SOURCE MATERIAL -

== Segment start ==

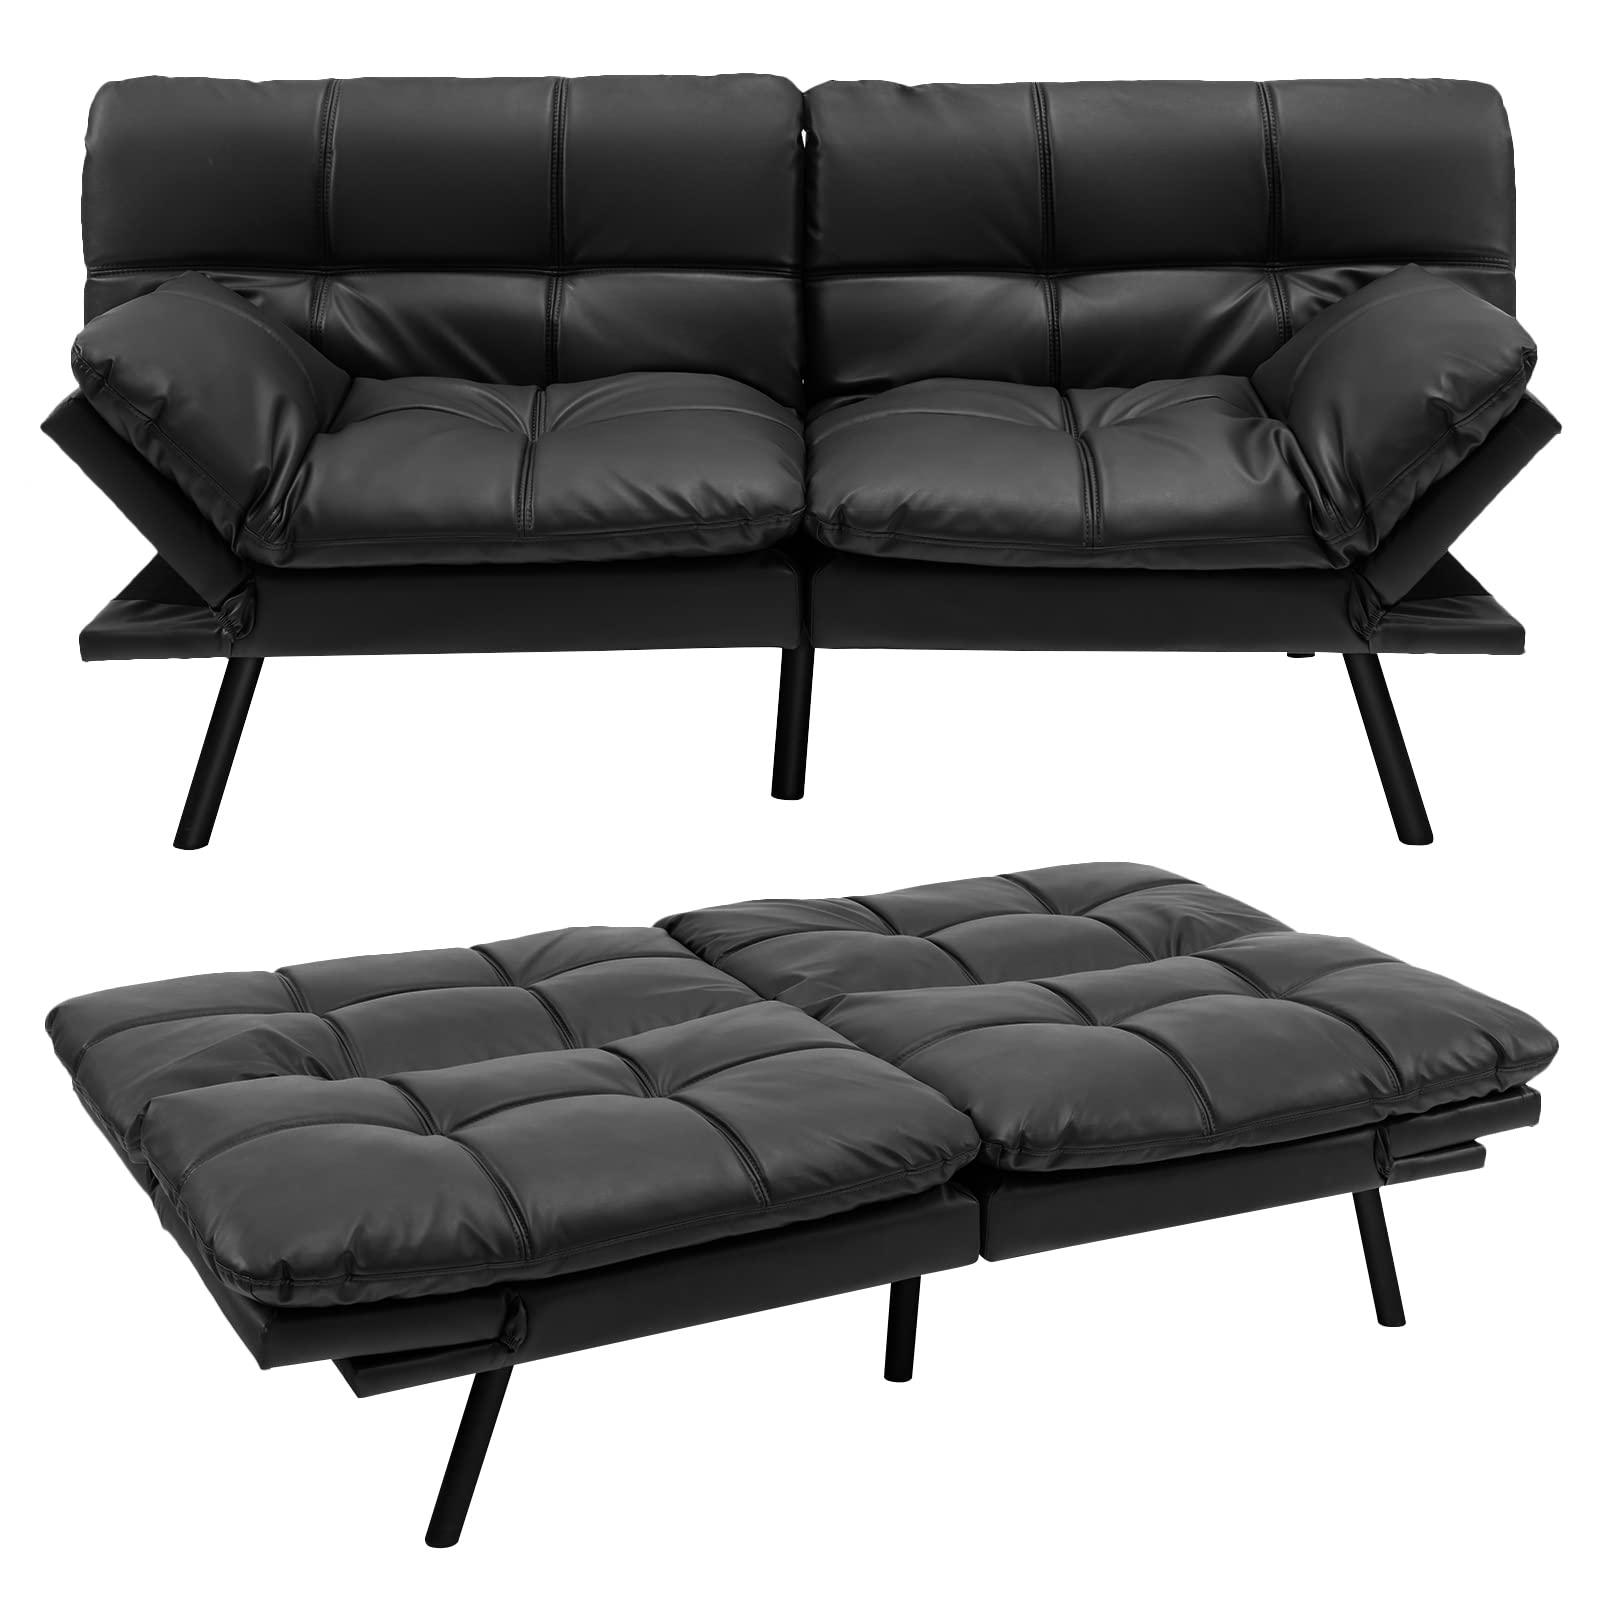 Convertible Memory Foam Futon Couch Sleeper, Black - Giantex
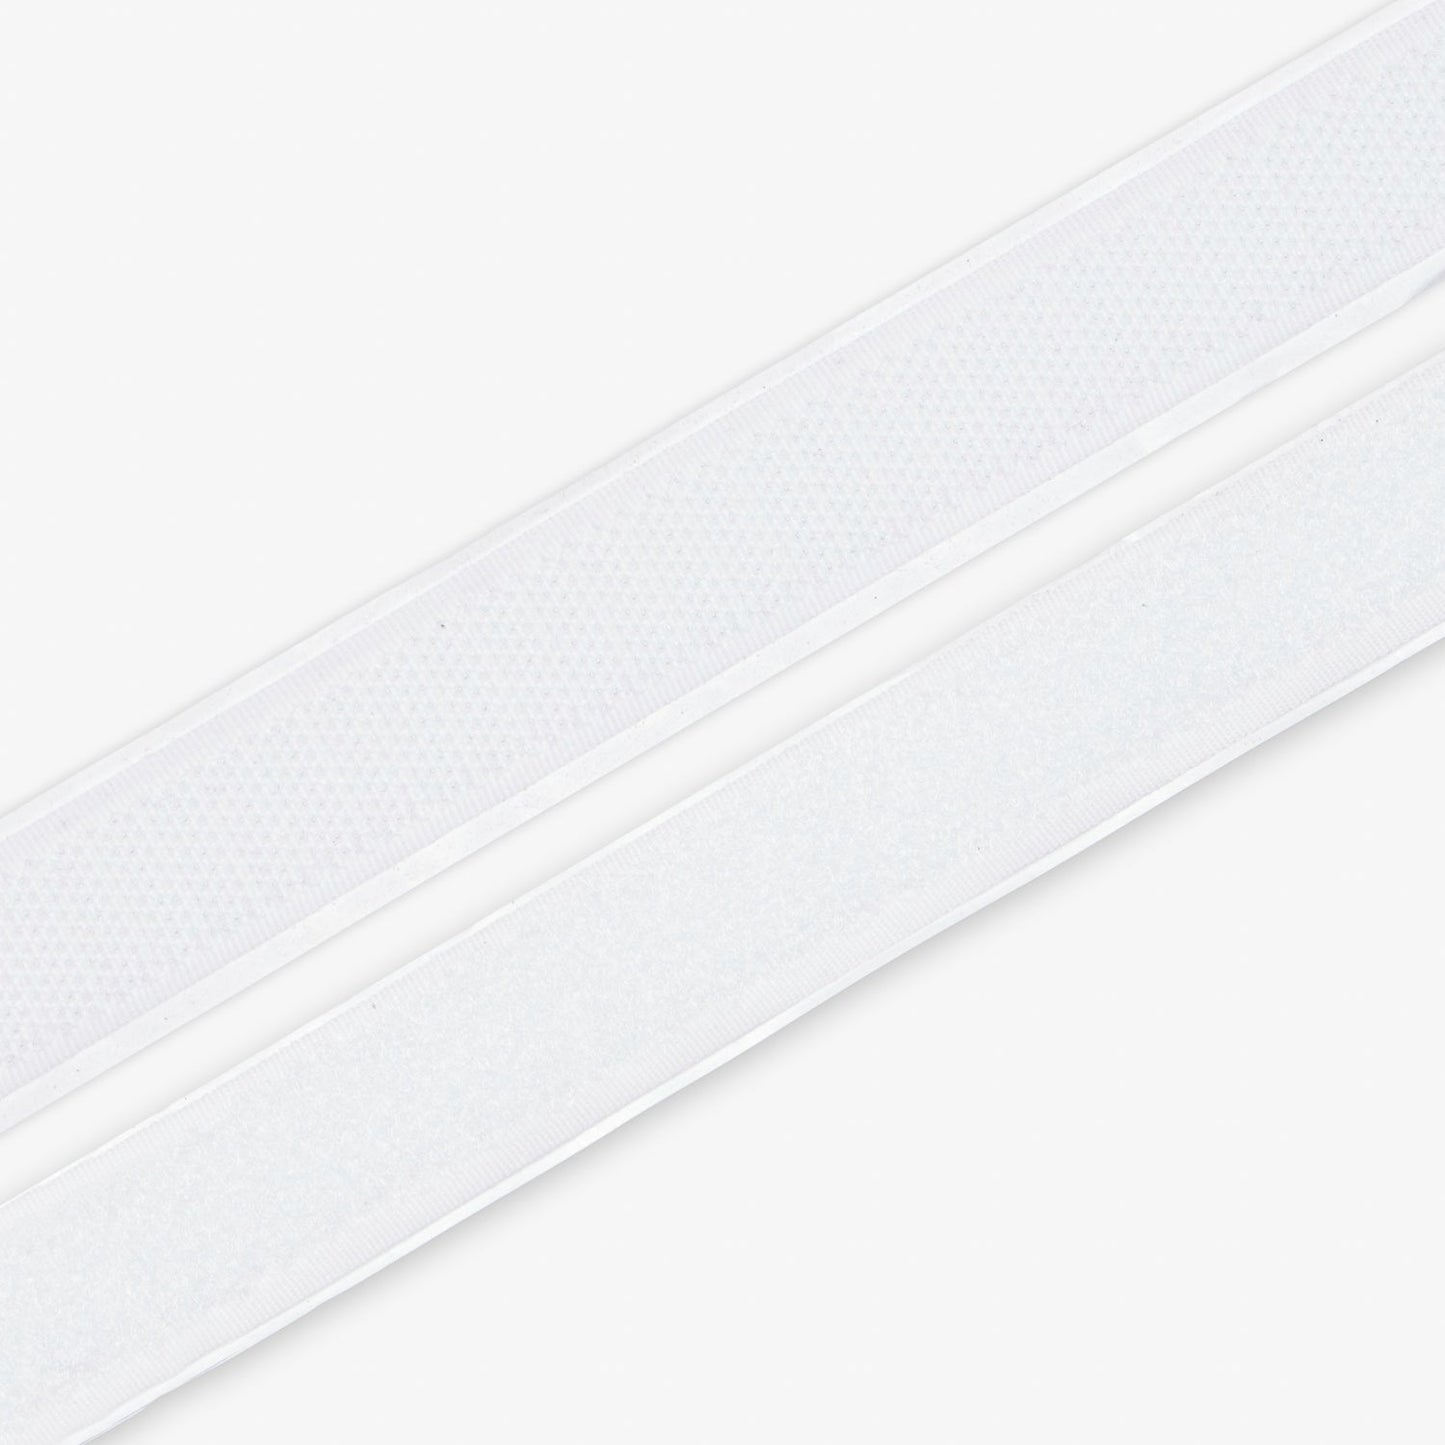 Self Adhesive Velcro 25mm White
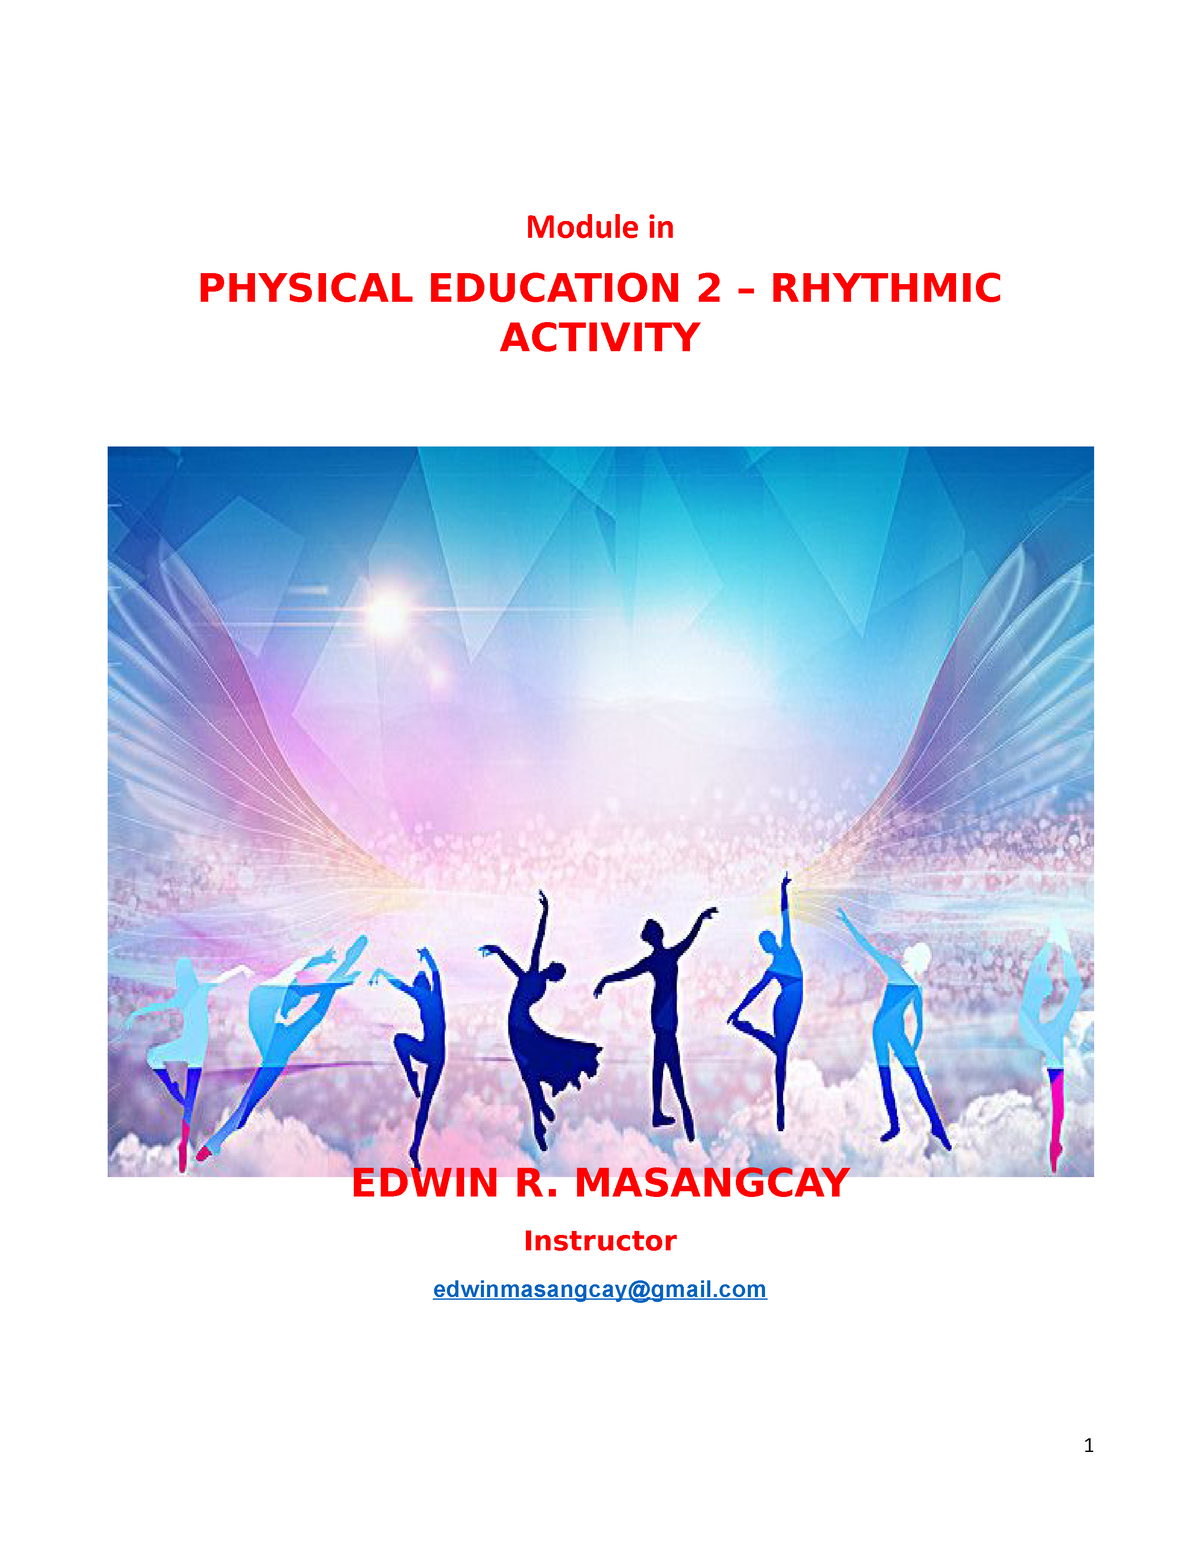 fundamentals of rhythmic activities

== Segment end ==

EXERCISE DESCRIPTION -
Without the pictures, transcribe the listing above exactly.

SOLVED PROBLEM -
 Convertible Memory Foam Futon Couch Sleeper, Black - Giantex
 Self Adhesive Velcro 25mm White
 fundamentals of rhythmic activities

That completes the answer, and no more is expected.